WORK ITEM: A verbatim transcript of the data below is required, images omitted.

RECORDED INFORMATION:
>>>>

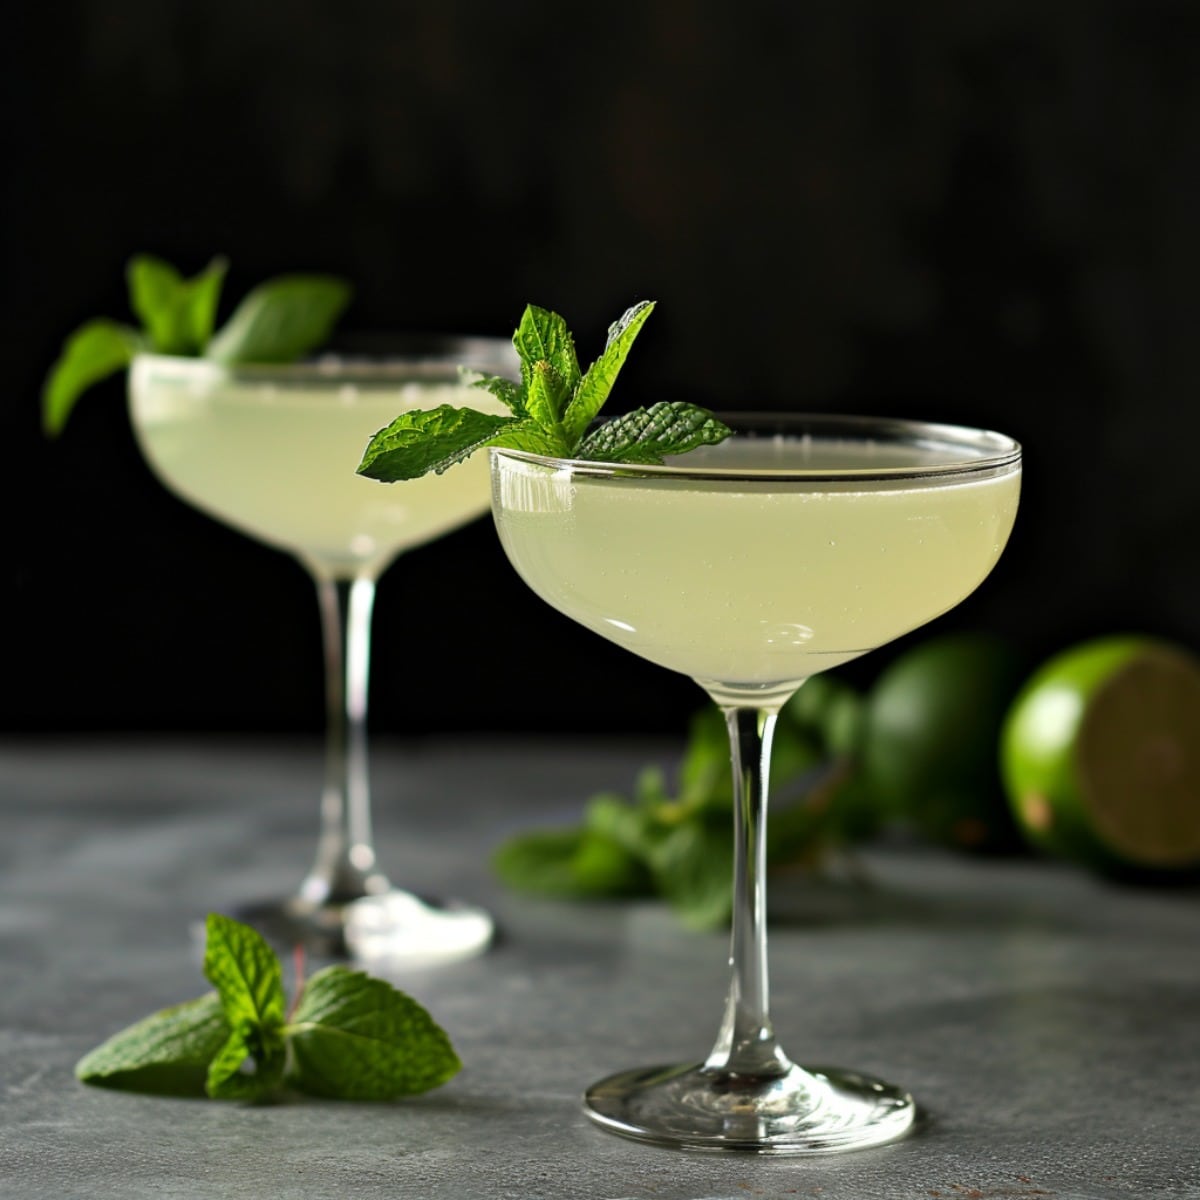 2 Southside Cocktails with mint garnish
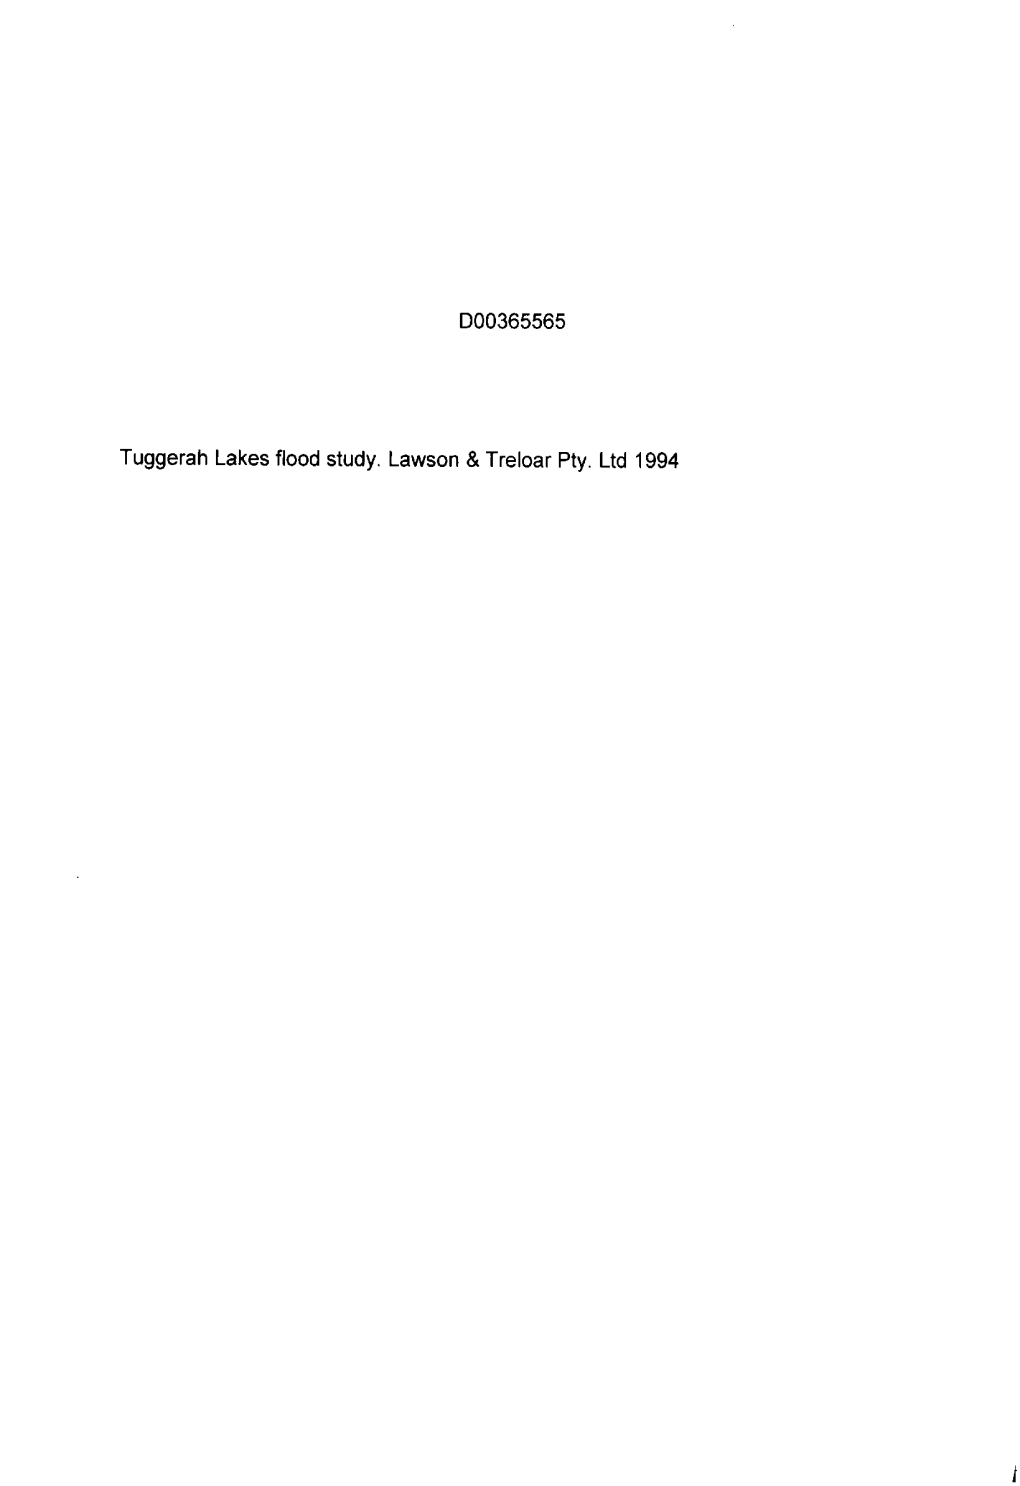 D00365565 Tuggerah Lakes Flood Study. Lawson & Treloar Pty. Ltd 1994
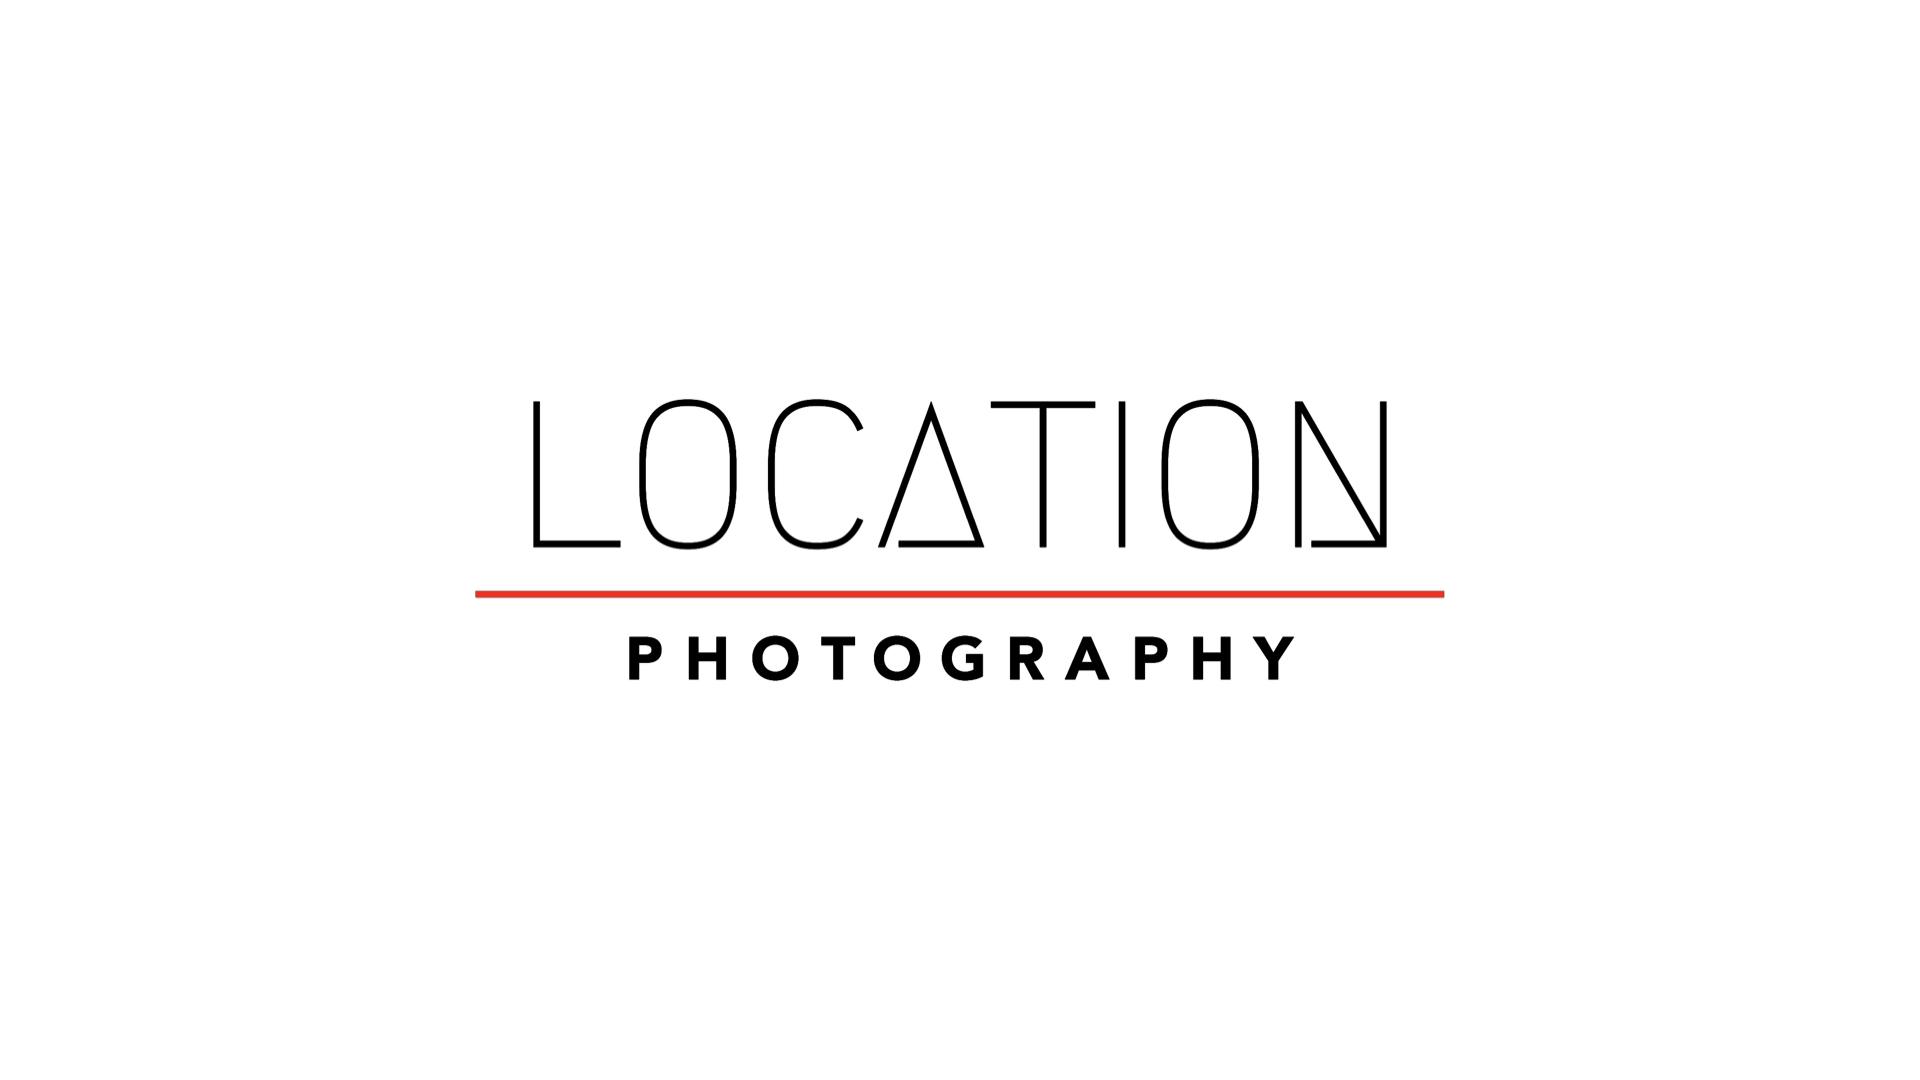 LOCATION PHOTOGRAPHY

<<<<

TASK RESPONSE:
 2 Southside Cocktails with mint garnish
 D00365565 Tuggerah Lakes Flood Study. Lawson & Treloar Pty. Ltd 1994
 LOCATION PHOTOGRAPHY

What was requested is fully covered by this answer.